Abiş, “Başkalarını da devreye sokarak daha fazla mobing uygulayarak şikayetler geri çektiriliyor. Mağduru sahiplenme yerine suçlu sahiplenilerek bu insanlık dışı davranışı yapanların cüreti artırıldığı için her gün başka bir yerde benzer yaklaşımlar yaşanmaktadır. Bu da tamamıyla sınıf ayrımcılığıdır, köleleştirmedir. Bilimin ve eşitliğin en üst düzeyde olması gereken üniversitemizde hala işçi, idari, akademikler olarak bir ayrıştırmaya gidilmekte, sınıf farkı yaratılmaktadır. Üniversite Yönetimini de bu anlayışı beslemektedir. En büyük sorunlardan biri olan yemekhane sorununu çözme yerine sınıf ayrıştırması yaratılmaktadır. Hiçbir yasal dayanağı olmamasına rağmen idari yemekhane ve akademik yemekhane diye orta çağ döneminde yaşanan sınıf ve kast sistemi uygulanmaktadır.
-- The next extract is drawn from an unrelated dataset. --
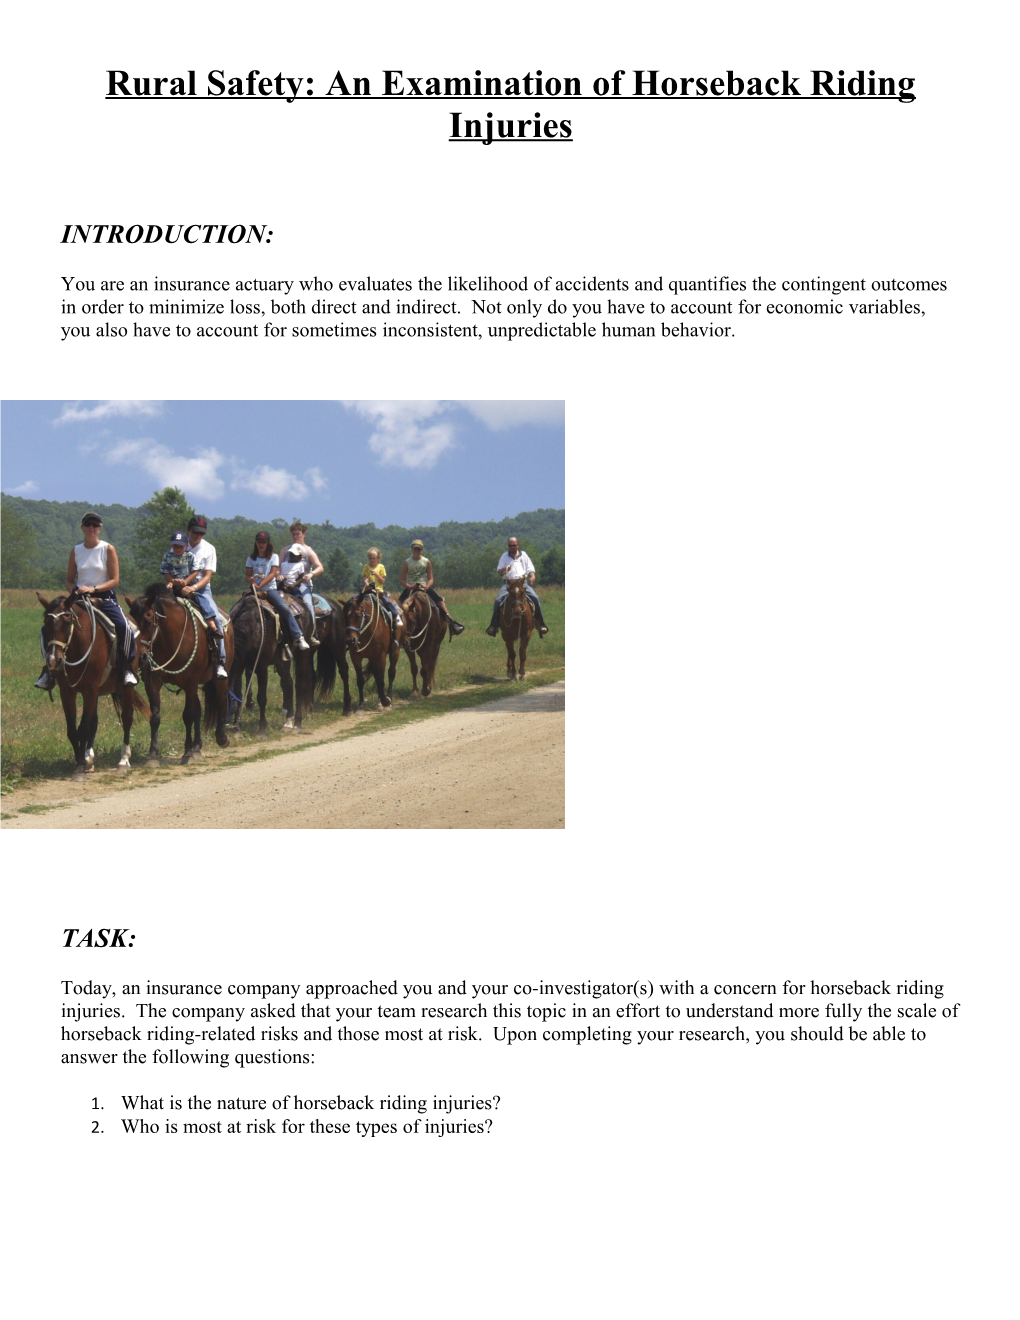 Rural Safety: an Examination of Horseback Riding Injuries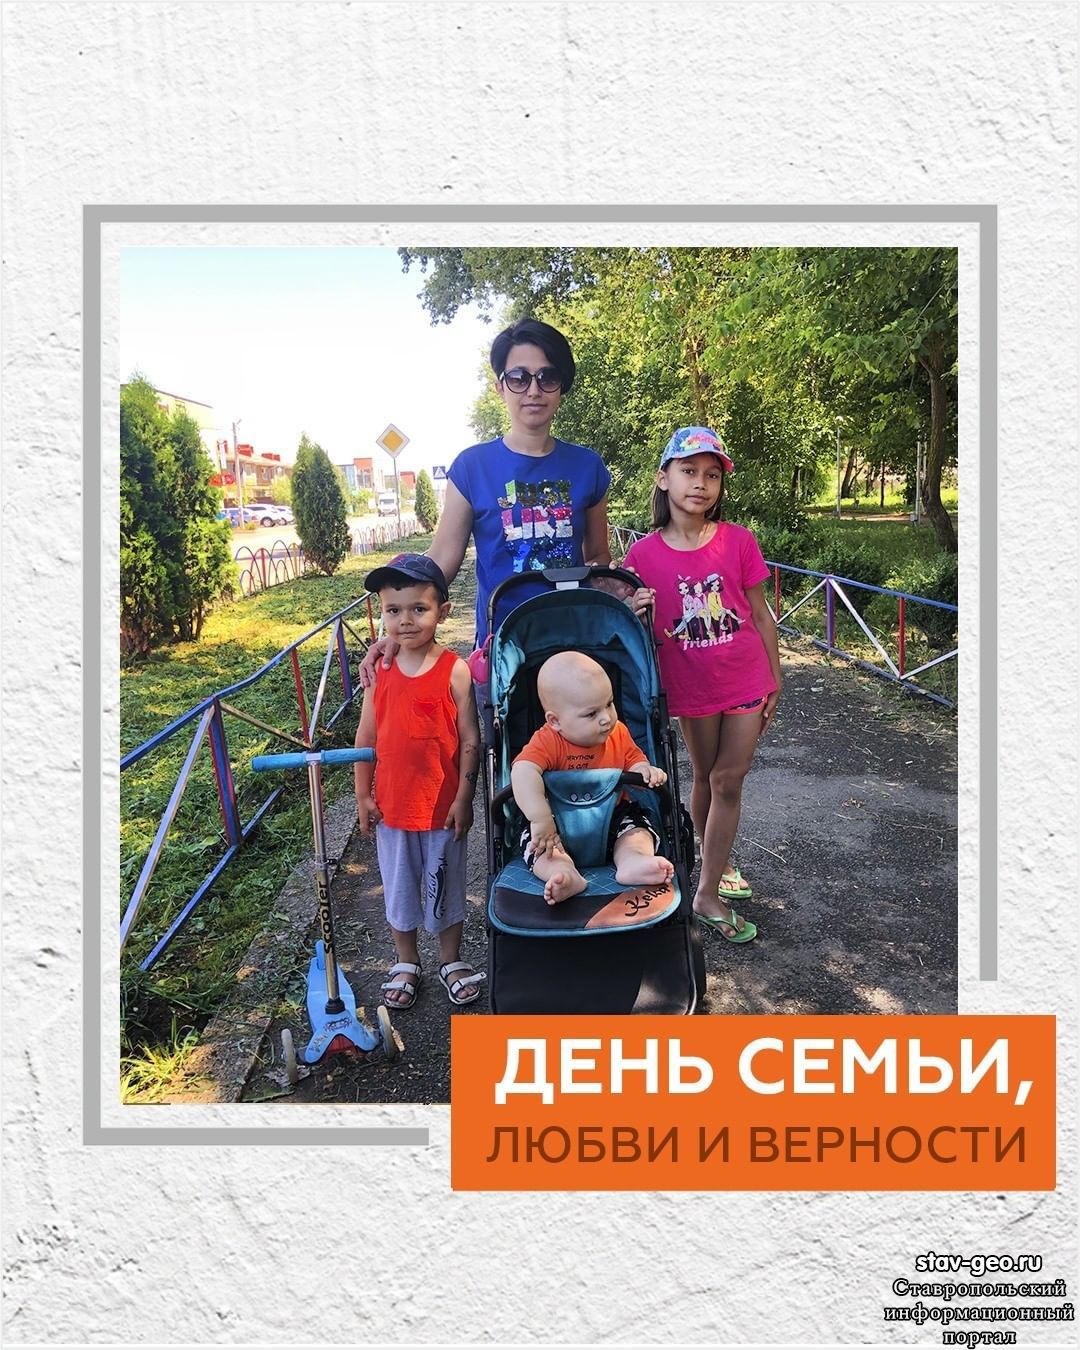 Поздравляем со Всероссийским днем семьи, любви и верности!

Hatta bazı akadamek personellerin idari personeller için ağza alınmayacak hakaretler ettiği bilgileri de elimizdedir” şeklinde konuştu.

“KÖLE DEĞİLİZ”

“Biz köle değiliz, kimse de efendi değil” diyen Abiş, son olarak şunları söyledi;

“Yaşananların üstü örtüldükçe kendini bilmezler bu sistemi dayatacaklardır. Ölümü gösterip sıtmaya razı etme politikasını kabul etmiyoruz. Eğitim Sen Yüzüncü Yıl Temsilciliği olarak, bu uygulamaları ve bunu yapan sözde akademisyenleri ve bu zihniyeti yaşatan yönetimin uygulamalarını ve yaklaşımlarını kınıyoruz. Biz köle değiliz, kimse de efendi değil.  Bu güne kadar bunları kabul etmedik bundan sonra da kabul etmeyerek mücadele edeceğiz. Bu olayların bilgisini ve şikâyetçi olduğumuzu ilgili Dekanlar ve Rektörlüğe de bildirmiş olup takipçisi olacağımızı bir kez daha buradan ifade ediyoruz. Kast sistemini de asla kabul etmeyeceğiz ve tüm demokratik haklarımızı kullanacağız.”